| # Models | |
| Common modelzoo such as huggingface/transformers stuggles when using Pytorch native model parallelism. Following the design principle of vLLM, we keep a simple, parallelizable, highly-optimized with packed inputs in verl. | |
| ## Adding a New Huggingface Model | |
| ### Step 1: Copy the model file from HF to verl | |
| - Add a new file under verl/models/hf | |
| - Copy ONLY the model file from huggingface/transformers/models to verl/models/hf | |
| ### Step 2: Modify the model file to use packed inputs | |
| - Remove all the code related to inference (kv cache) | |
| - Modify the inputs to include only | |
| - input_ids (total_nnz,) | |
| - cu_seqlens (total_nnz + 1,) | |
| - max_seqlen_in_batch: int | |
| - Note that this requires using flash attention with causal mask. | |
| ### Step 2.5: Add tests | |
| - Add a test to compare this version and the huggingface version | |
| - Following the infrastructure and add tests to tests/models/hf | |
| ### Step 3: Add a function to apply tensor parallelism | |
| - Please follow | |
| - https://pytorch.org/docs/stable/distributed.tensor.parallel.html | |
| - https://pytorch.org/tutorials/intermediate/TP_tutorial.html | |
| - General comments | |
| - Tensor Parallelism in native Pytorch is NOT auto-parallelism.

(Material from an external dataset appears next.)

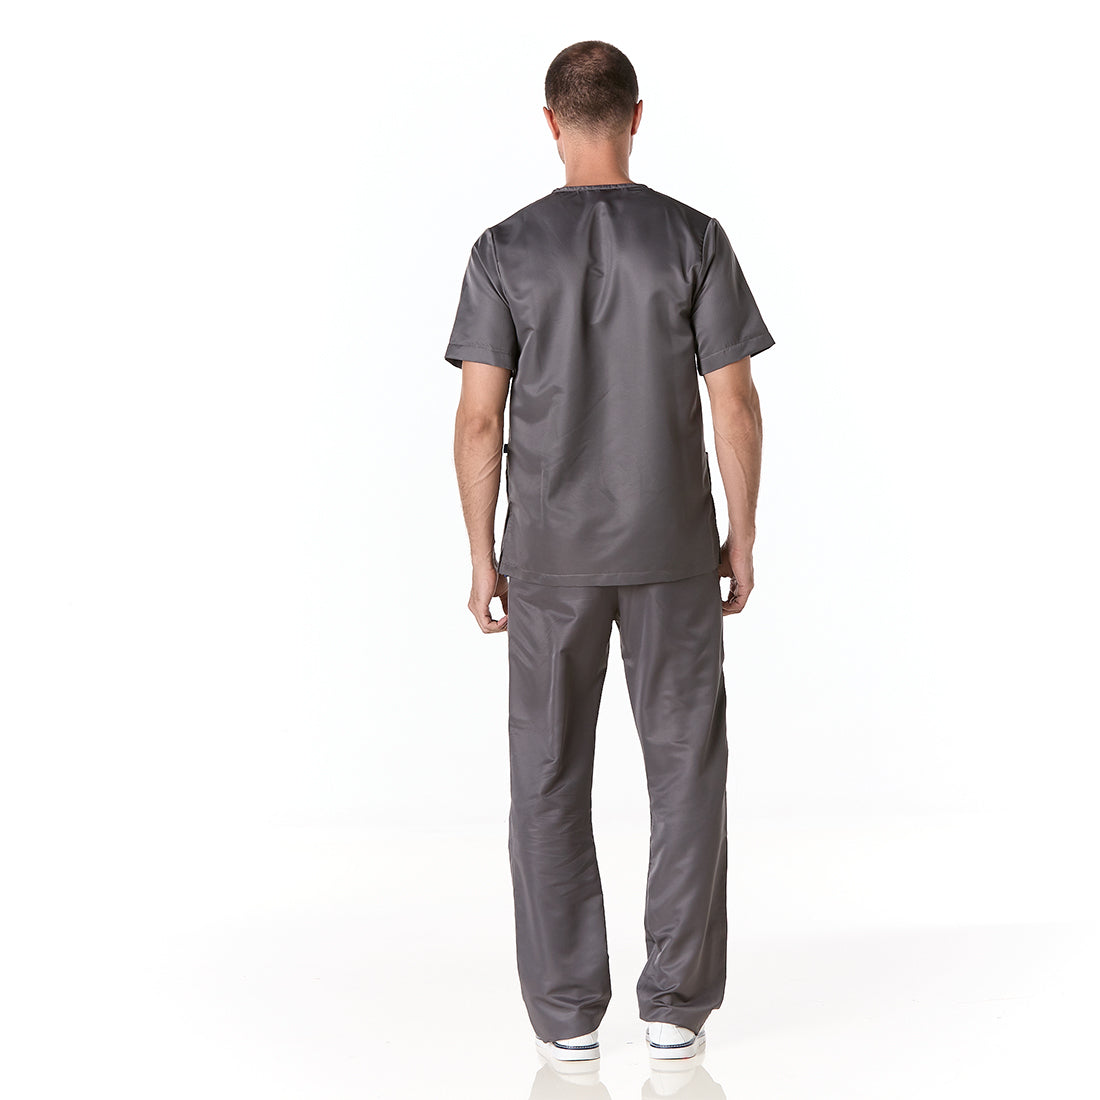 Hombre vistiendo pijama sanitario color gris oscuro con cuello en v y pantalon recto - espalda

The way it works is to specify how model parameters and input/output reshards using configs. These configs are then registered as hooks to perform input/output resharding before/after model forward. | |
| ### Step 4: Add a function to apply data parallelism | |
| - Please use FSDP2 APIs | |
| - See demo here https://github.com/pytorch/torchtitan/blob/main/torchtitan/parallelisms/parallelize_llama.py#L413 | |
| ### Step 5: Add a function to apply pipeline parallelism | |
| - Comes in Pytorch 2.4 | |
| - Currently only in alpha in nightly version | |
| - Check torchtitan for more details | |